The current puff piece on the Marquette web page isn’t the first honor Marquette has bestowed on Moore. Marquette’s Les Aspin Center honored her with a lavish reception when she was sworn in as a member of the U.S. House of Representatives. According to the Journal-Sentinel:
Sponsors of the Washington reception include Broydrick & Associates, Marquette University, Miller Brewing Co., Northwestern Mutual Life Insurance Co. and We Energies.What kind of interests gave Moore money (and will expect her to vote their way)?
Jay Heck, executive director of the government watchdog group Common Cause in Wisconsin, said it’s not uncommon for corporations to sponsor such receptions for members of Congress, a practice that is prohibited for members of the state Legislature.

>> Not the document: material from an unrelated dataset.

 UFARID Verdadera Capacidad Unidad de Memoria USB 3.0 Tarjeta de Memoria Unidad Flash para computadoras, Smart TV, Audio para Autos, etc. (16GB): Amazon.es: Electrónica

Campaign finance reports show Northwestern Mutual’s political action committee donated $5,000 to Moore; Miller’s PAC contributed $3,000 to Moore’s campaign, and executive vice president Virgis Colbert added another $1,000; and the We Energies PAC donated $2,500, and retired chief executive officer Richard Abdoo kicked in another $2,000.Moore, in other words, was elected with the money of feminists and gay rights activists. She also got the support of the Trial Lawyers and the Indian Tribes. But business interests also chipped in considerable cash.
Moore’s campaign took in money from a broad range of business, labor and activist groups. Among those donating at the $10,000 maximum were PACs for 10 unions, plus Johnson Controls Inc., the Association of Trial Lawyers of America, the National Abortion Rights Action League and the Human Rights Campaign Fund, which backs candidates who support gay rights. She also received $2,000 each from the Ho-Chunk and Oneida American Indian tribes.

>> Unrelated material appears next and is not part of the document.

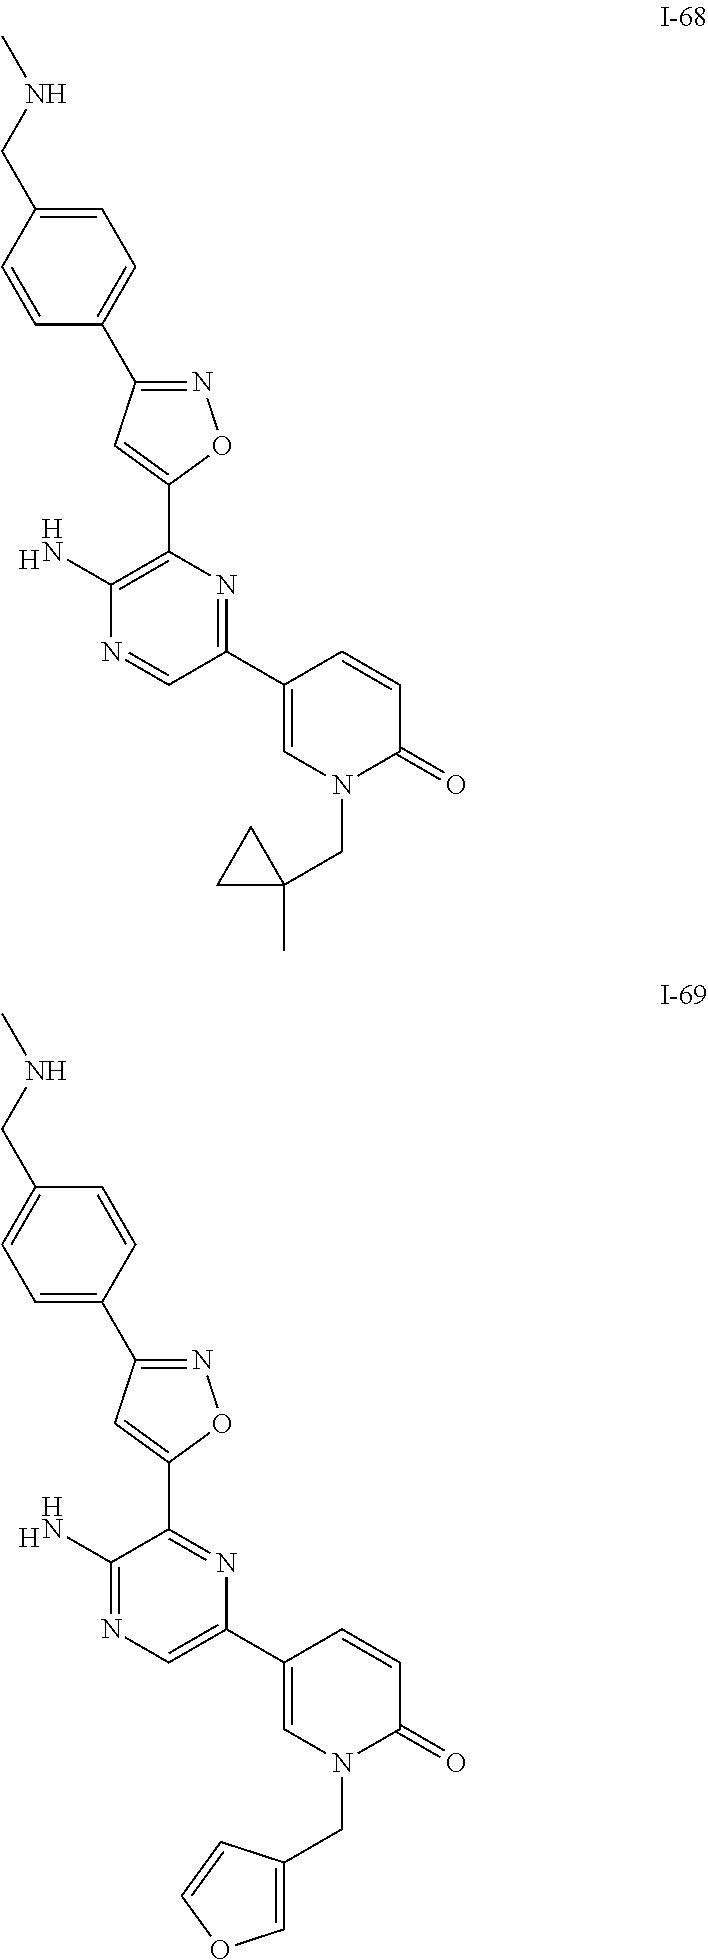 Figure US09630956-20170425-C00240

But Moore’s largest benefactor remained EMILY’s List, the national organization that backs Democratic women who support abortion rights. EMILY’s List served as a conduit for $289,736 in contributions from its members and spent more than $600,000 on its own, mostly on independent efforts backing Moore.
Overall, political action committees contributed 30% of the $1 million that Moore raised, and EMILY’s List members accounted for another 27%. Her campaign spent $858,578 and had $172,553 left as of Nov. 22.

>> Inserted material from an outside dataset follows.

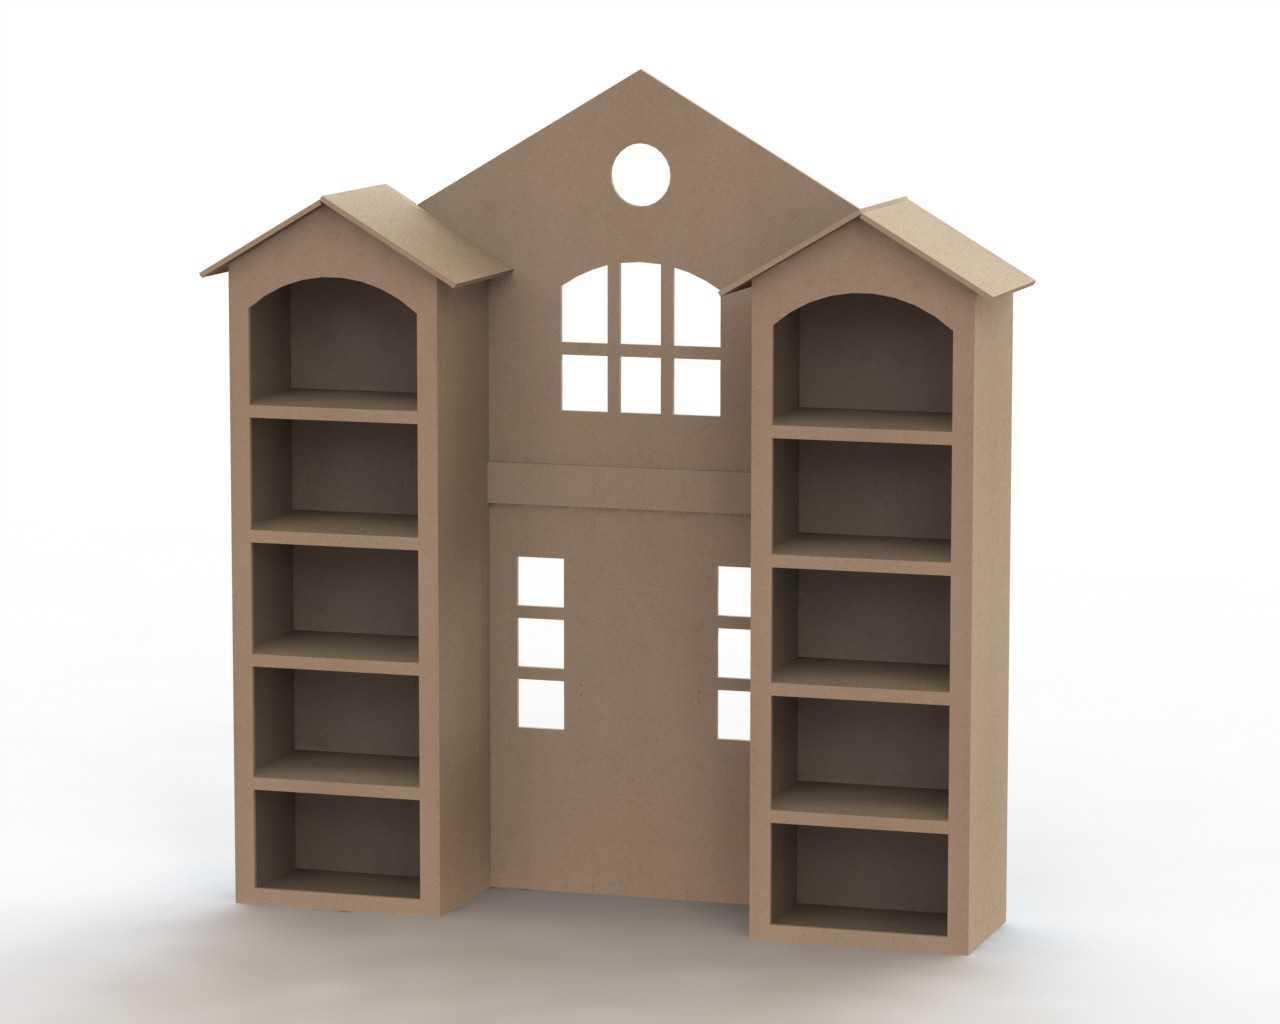 Home Shape Shelf DXF File
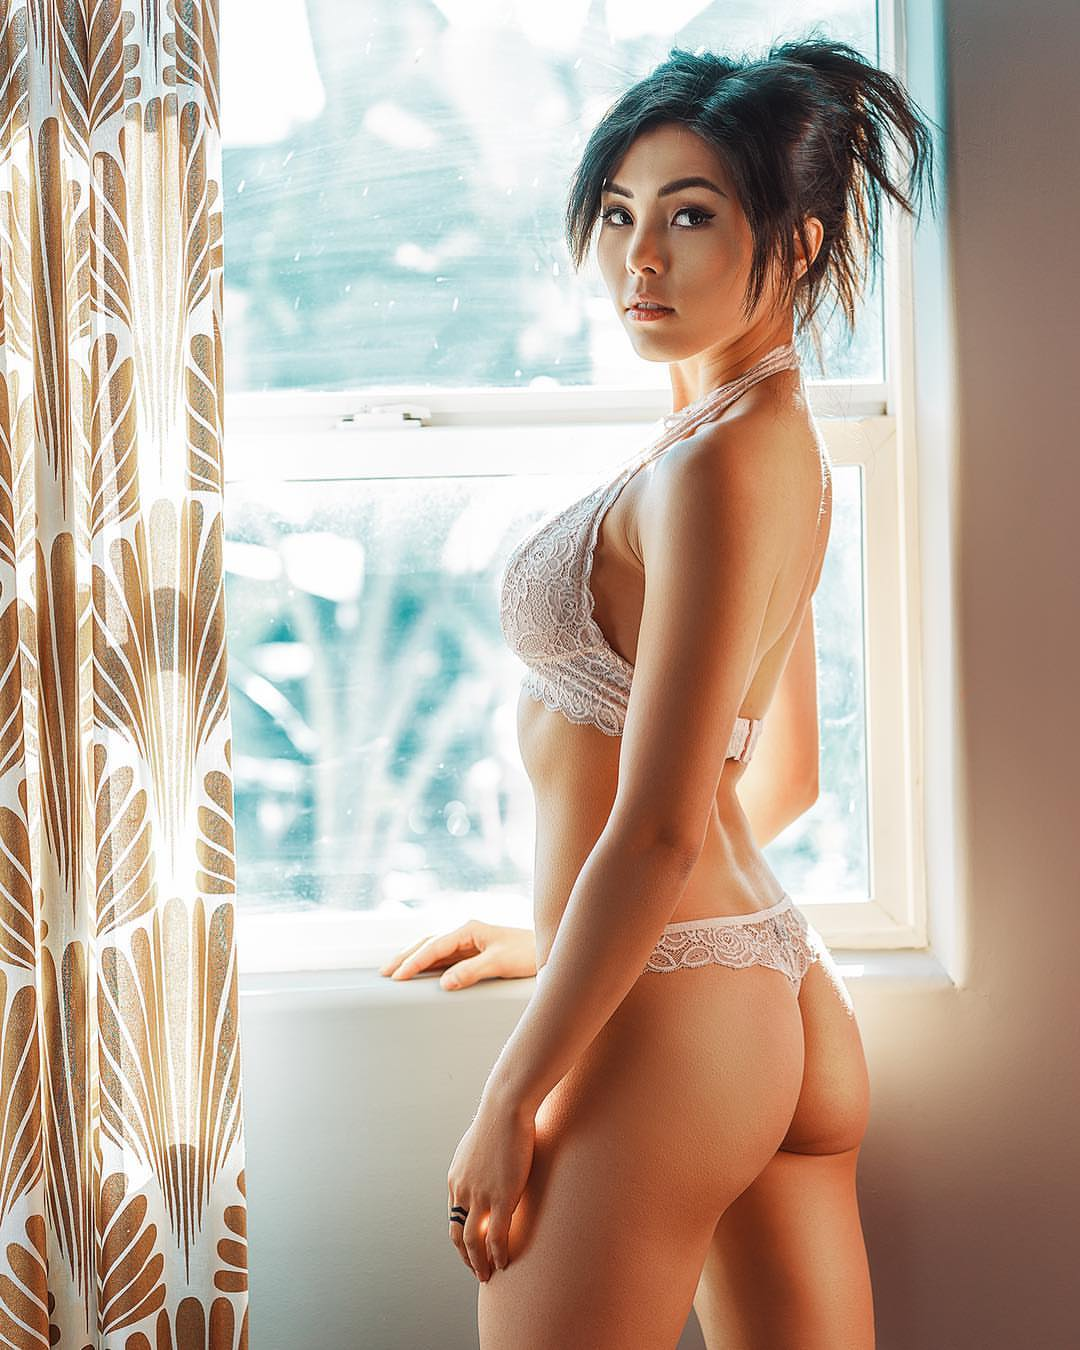 anna akana nude

While Catholic social teaching has little or nothing to say about tort reform nor about Indian Casinos, it certainly has a lot to say about abortion and “gay rights,” and Moore is about as diametrically opposed to the Catholic position as it’s possible to be.
Why in the world would Marquette go out of its way to honor her?
An article on a black alumna, of course, fits nicely into Marquette’s desire to be seen as favoring “diversity.” But among the blacks who have graduated from Marquette, aren’t there many who have done outstanding things without pushing an anti-life anti-Catholic teaching agenda?
Likewise, the Aspin Center has an incentive to curry favor with the “movers and shakers” in Washington, especially since they are always seeking attractive internship opportunities for their students.
But those “movers and shakers” have an incentive to have good relationships with the Aspin Center, even if the latter isn’t sucking up to them. They, after all, want good interns.
It appears that key decision makers, both the the Office of Public Affairs (which was responsible for the article) and at the Aspin Center, simply aren’t much concerned with the Catholic mission of the University. They will use the rhetoric when it’s convenient (trying to convince students and parents to choose Marquette), and especially when it’s convenient for doing something politically correct — like refusing to go back to “Warriors” as a nickname or refusing to allow the College Republicans to raise money for American military snipers.
But at other times, it’s just not something that they care about. They say they do, but actions speak louder than words.